Clint Eastwood tells the story of South Africa’s triumph in the 1995 Rugby World Cup, the first World Cup after the end of apartheid. The title, “Invictus” comes from the inspiring poem that Nelson Mandela shared with the team’s captain, Francois Pienaar. The movie is respectful, dignified, and a little dull.

Mandela is played by Morgan Freeman, who shows us the new President’s grace and patience as well as his wisdom in treating everyone — even those who opposed the end of apartheid and believe his presidency is illegitimate — as countrymen, not enemies. He directs his black security detail to work with their white predecessors, and to remind them that it is important to smile at the people you are asking to move. Many people were skeptical that a black man who has spent 27 years in prison can lead a country where the white population had imposed legal segregation on the black citizens, asking “He can win an election. But can he run a country?”

And even his most loyal supporters wonder if he isn’t being unrealistic and trivial in hoping that a sports team can make a difference. “Unite [South Africa] for something more important than rugby,” one tells him. But the very first scene shows us Mandela, just after becoming President, driving down a road that has a wealthy, well-equipped white team playing on one side and a group of poor black boys in rags playing on the other.

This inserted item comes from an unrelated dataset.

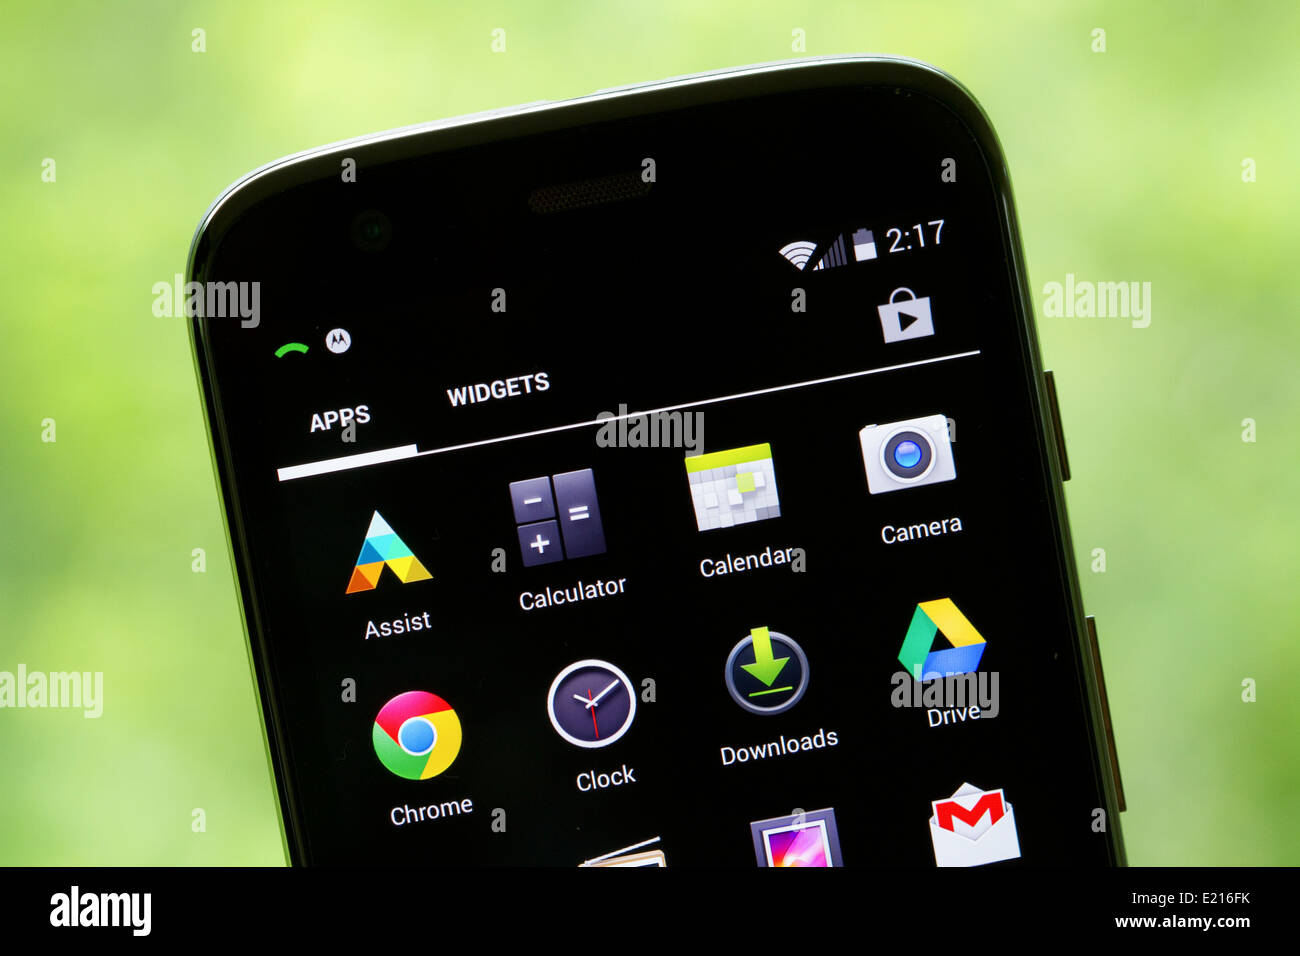 Applicazioni, applicazioni visualizzate sullo schermo di un Motorola, Moto G cellulare, telefono cellulare con sistema operativo Android. Foto Stock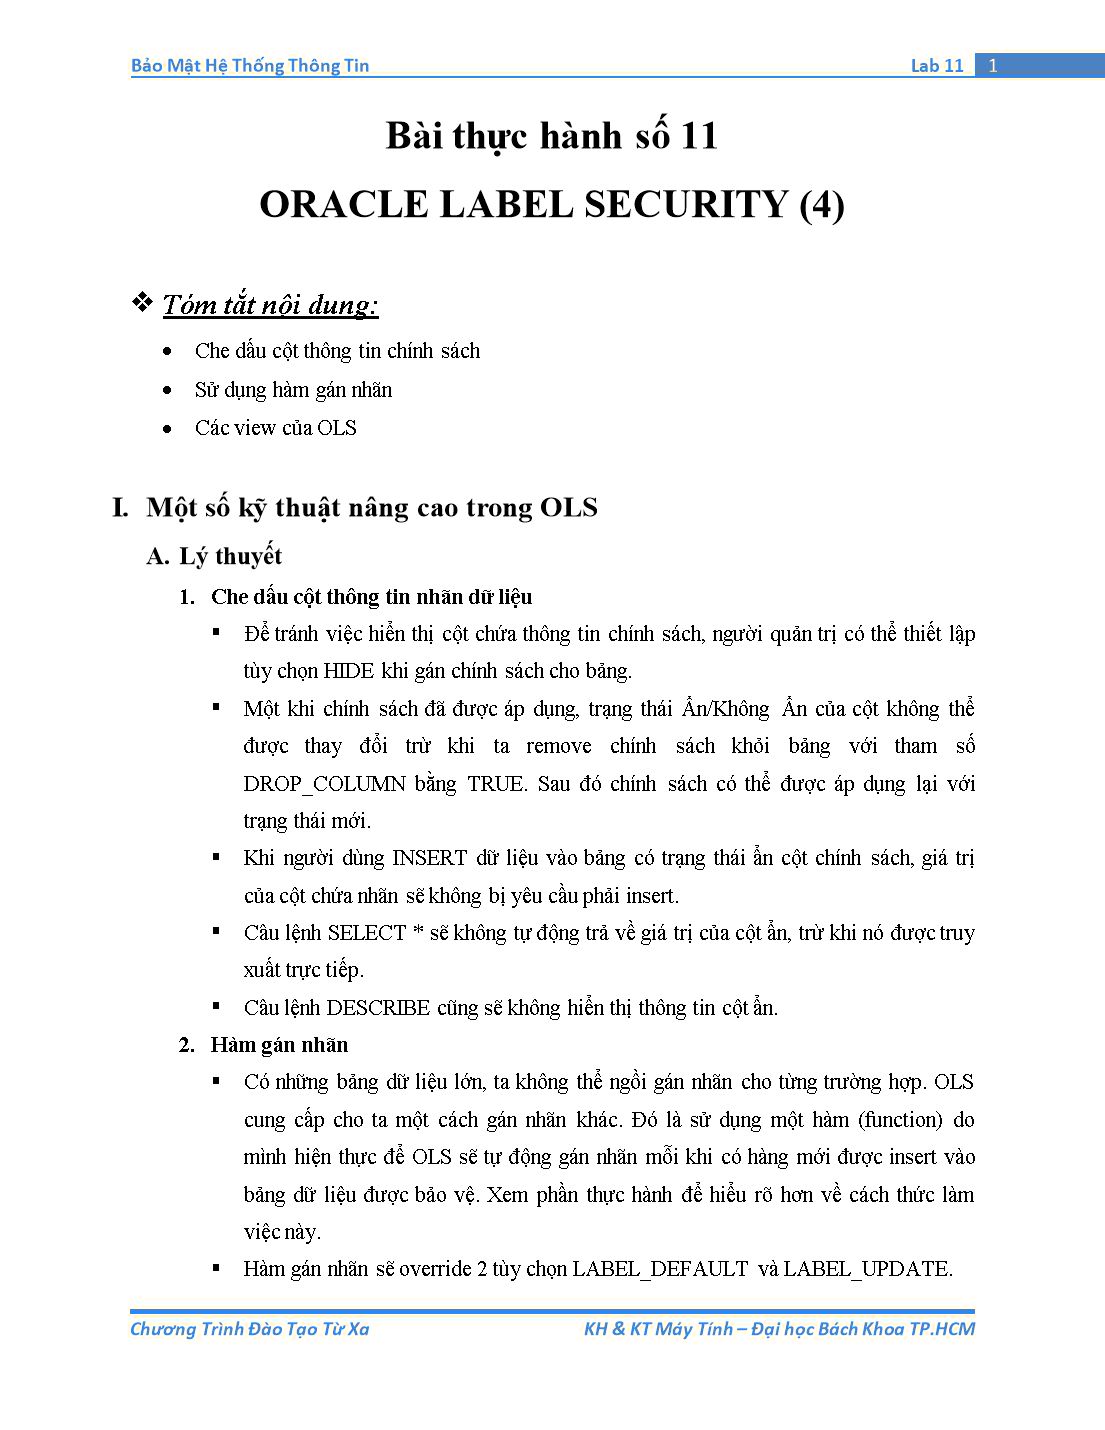 Tài liệu thực hành Bảo mật hệ thống thông tin - Bài thực hành số 11: Oracle Label Security (Phần 4) trang 1

He knows that the rugby team can be a powerful symbol of unity and teamwork. He knows that all of the people of South Africa need to feel pride and a sense of shared purpose. He spent 27 years observing the Afrikaans guards at the prison and learning what was important to them. And so, he invites Pienaar (Matt Damon) to meet with him and he begins to memorize the names and faces of Pienaar’s team.

Eastwood has a good eye for striking images. While he does not handle the dynamism of the games well, he does make the rugby huddles look like something between a colorful Gordian knot and a many-legged creature. He has a gift for the small moments — a boy loitering near a police car so he can listen to the game on their radio, a housekeeper’s face when she is given a ticket to watch the game. He draws a connection between the two men — both are ferociously dedicated to making sure no one takes what is their away from them, not on their watch, and not today. But the impact is softened with dialog like “It’s not just a game!”

Mandela is such a transformative figure and Freeman such a distinguished actor that we are drawn in. It is impossible not to be stirred when he says, he does not want his followers to prove that they are what the whites feared; “We have to surprise them with compassion, restraint, and generosity.” But for a sports movie it is oddly lacking in momentum. Mandela tells Pienaar that he needs the team to win. We’re pretty sure that if they had not won, there would not be a movie about it (or, if there was, it would not be called the Latin word for “unconquered”). But that means we want to know why. We may get a sense of the way Mandela inspired Pienaar, but how did Pienaar inspire his team? Damon looks very buff and Pienaar seems like a nice guy, but this is rugby, one of the toughest sports on earth. How about showing us a little more ferocity? Some kind of strategy? Some individual personalities for the players? The New Zealand team they have to play in the big match does a little Maori war dance before the game that is more vivid and arresting than anything we see from the team we are supposed to be rooting for. Eastwood tells us this is all very important, but he never really shows us.